Best R-Squared: 84.89 %
Best Parameters: {'learning_rate': 0.08, 'n_estimators': 80, 'num_leaves': 30}


# Explanation of the Code:
**1. Data Preprocessing:**
1. Handling Categorical Variables:
* The sex and smoker columns are converted into binary values (e.g., 0 for female/no and 1 for male/yes).
* The region column is one-hot encoded to create dummy variables for each region.

2. Splitting the Data:

* The dataset is split into training and test sets (80% training, 20% testing) to evaluate the model's performance.

**2. Model Building and Training:**
1. LightGBM Regressor:
* A gradient boosting model optimized for speed and performance is used to predict insurance costs.
The model is trained on the training set using default parameters.

**3. Model Evaluation:**
1. R-Squared:
* Measures how well the model explains the variance in the target variable.

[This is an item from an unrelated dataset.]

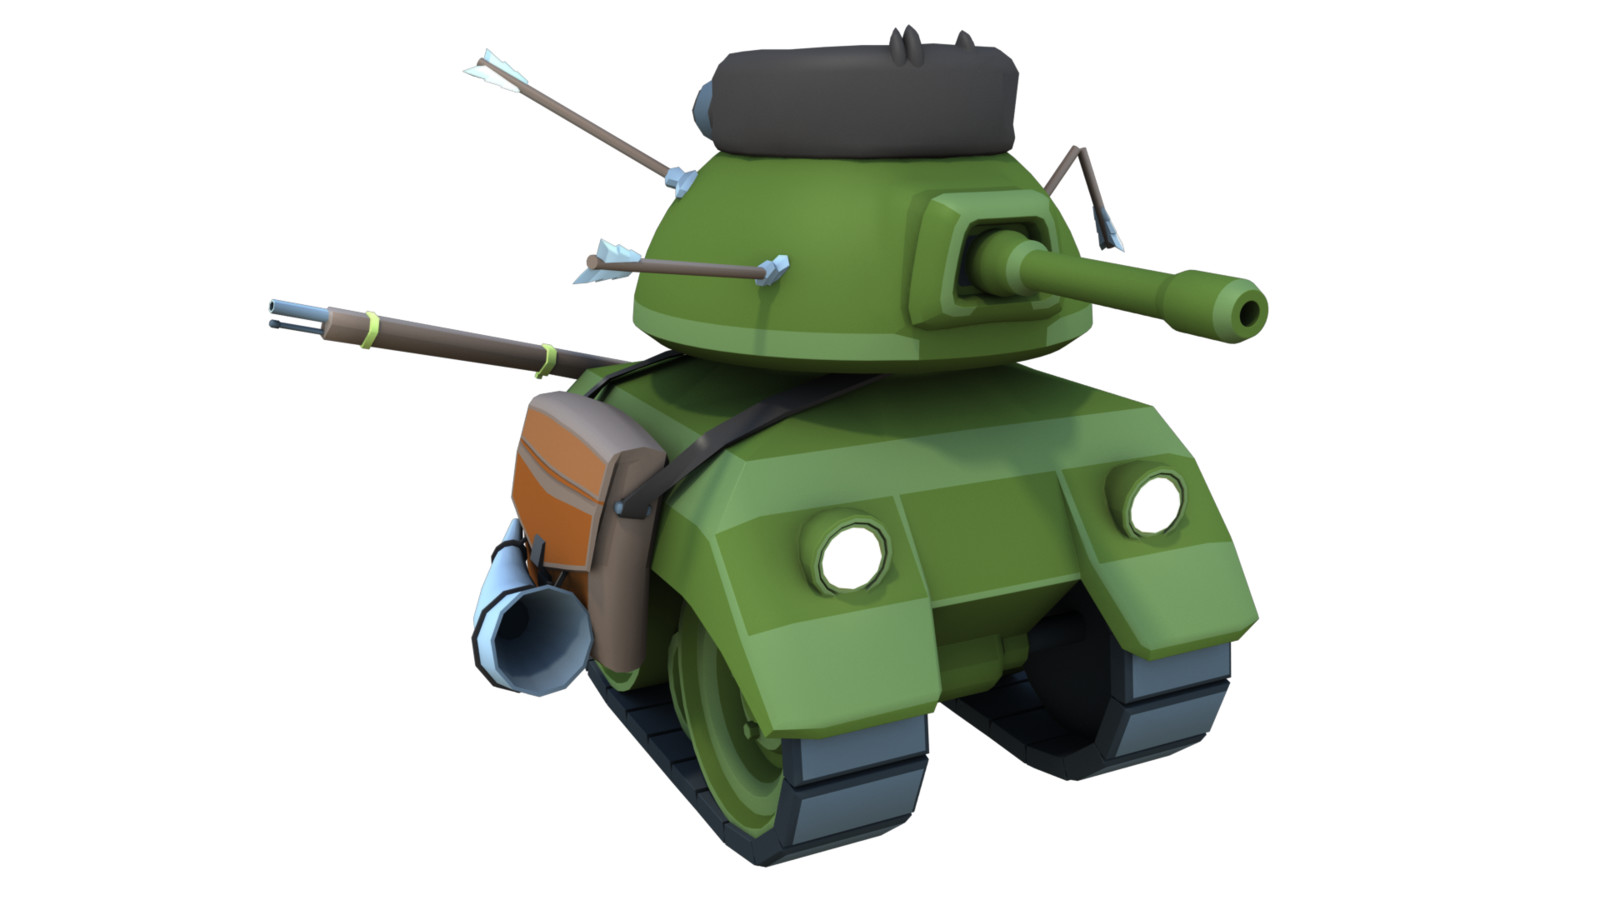 This was made as part of a decorative add-on Frontier Pack for a cartoony tank combat game.

I modeled and textured all of the decorative assets. I did not model the tank, though I did optimize the mesh and texture it.

A higher R-squared indicates better performance.
2. Adjusted R-Squared:
* Adjusts the R-squared value for the number of predictors in the model, preventing overfitting.
3. k-Fold Cross-Validation:
* Splits the data into 10 folds to evaluate the model's performance across different subsets, providing a more robust estimate of its accuracy.

**4. Hyperparameter Tuning:**
1. Grid Search:
* Optimizes the model by testing combinations of hyperparameters such as num_leaves, learning_rate, and n_estimators.
* The best parameters and corresponding R-squared score are identified to improve the model's performance.

**Key Metrics Explained:**

1.  R-Squared:
* Indicates the proportion of variance in the target variable explained by the model.
* Example: An R-squared of 0.85 means the model explains 85% of the variance in insurance costs.
2.  Adjusted R-Squared:
* Accounts for the number of predictors in the model.
* Prevents overfitting by penalizing models with too many features that do not improve performance.
3.  k-Fold Cross-Validation:
* Splits the data into 10 subsets (folds) and trains the model on 9 folds while testing on the remaining fold.
* Provides an average R-squared score and its standard deviation to assess model stability.
4.  Grid Search:
* Systematically tests combinations of hyperparameters to find the best configuration for the model.
* Example: The best parameters might include num_leaves = 30, learning_rate = 0.1, and n_estimators = 100.